Some other codes applying operations on sets:

l = {"z", "t", "c", "a", "u", "h", "p"};
Select[ContainsAll[l]@Characters@# &]@WordList[]

or

Select[SubsetQ[Characters@#, l] &]@WordList[]

or

Select[Intersection[Characters@#, l] == Sort@l &]@WordList[]

or

Cases[x_ /; ContainsAll[l]@Characters@x]@WordList[]

or

Cases[x_ /; SubsetQ[Characters@x, l]]@WordList[]

or

Cases[x_ /; Intersection[Characters@x, l] == Sort@l]@WordList[]

Sure, we can apply also the function If[].

If every letter is used exactly once, then the following code solves the problem:

In[1] :=  Intersection[StringJoin /@ Permutations[{"z", "t", "c", "a", "u", "h", "p"}],
          WordList[]]
Out[1] = {"chutzpa"}

or, thanks the Rohit's idea to use the function Complements:

In[2]:= l = {"z", "t", "c", "a", "u", "h", "p"};

If[Complement[l, Characters@#] == {}, #, Nothing] & /@ WordList[]

Out[2]= {"chutzpa", "chutzpah"}

Shorter version

WordList[] // Select[Complement[letters, Characters[#]] == {} &]
(* {"chutzpa", "chutzpah"} *)

@Abrita Chakravarty I have a query regarding the question.

For the letters, {"a", "o", "l", "r", "w", "f", "m"}, can the pangram apart from containing at least one of each letter from the list also contain some of the remaining letters?

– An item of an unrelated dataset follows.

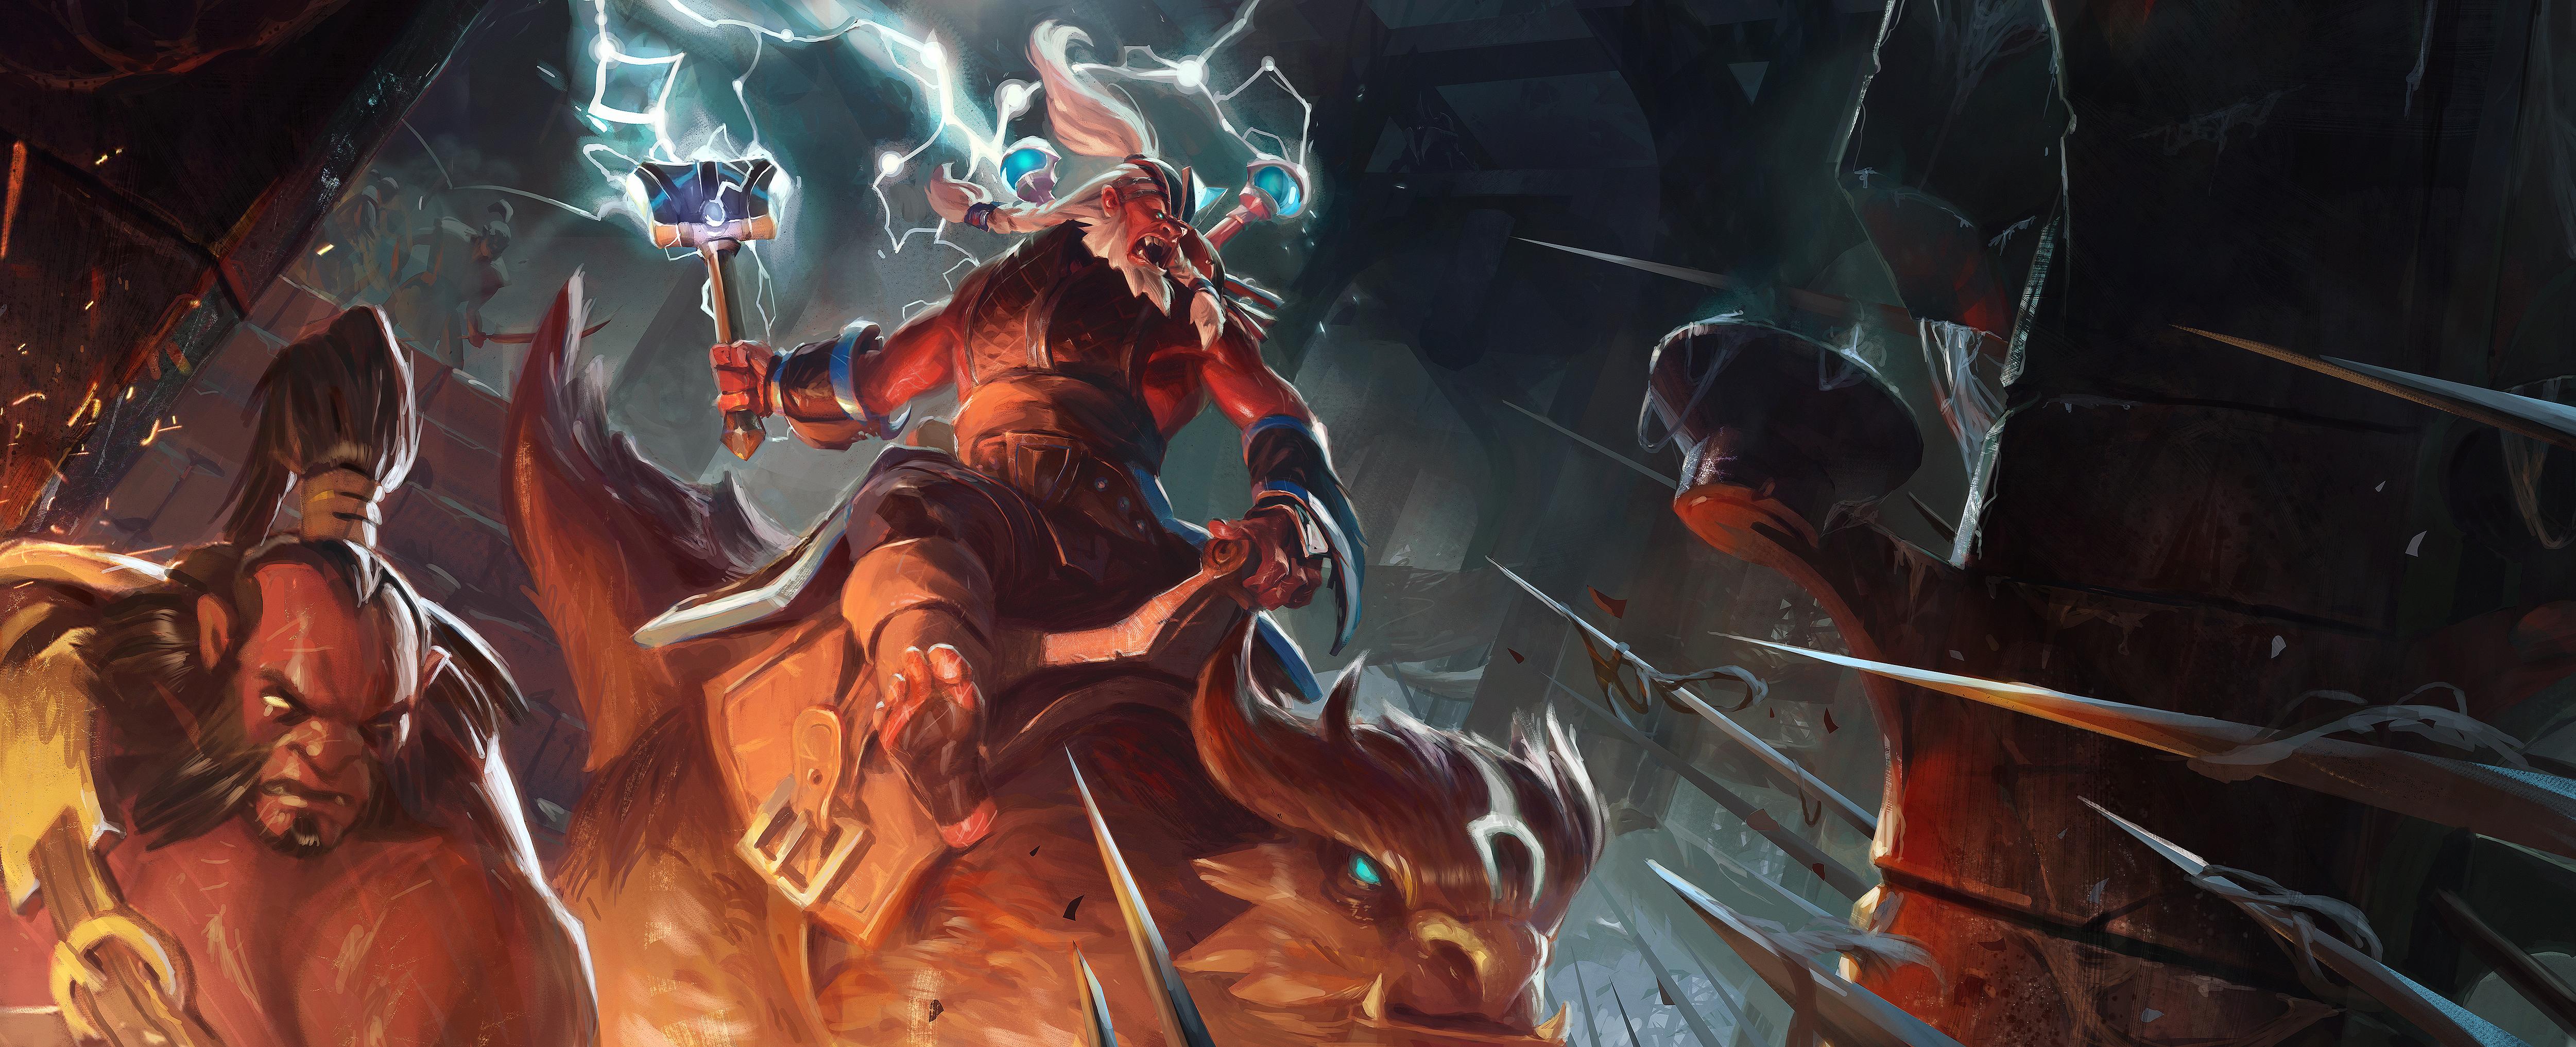 Loạt ảnh nguyên họa của các hero trong DotA 2 - Ảnh 27

Like for example "flamethrower" contains all of the letters from the list but also contains "e" twice, "h" and "t" once which are not part of the list. So is "flamethrower" also regarded as a pangram of this list in addition to "wolfram"?

@Abrita Chakravarty First unlike WordList, DictionaryLookup supports patterns. Moreover DictionaryLookup seems to have more words than the WordList (probably a bug).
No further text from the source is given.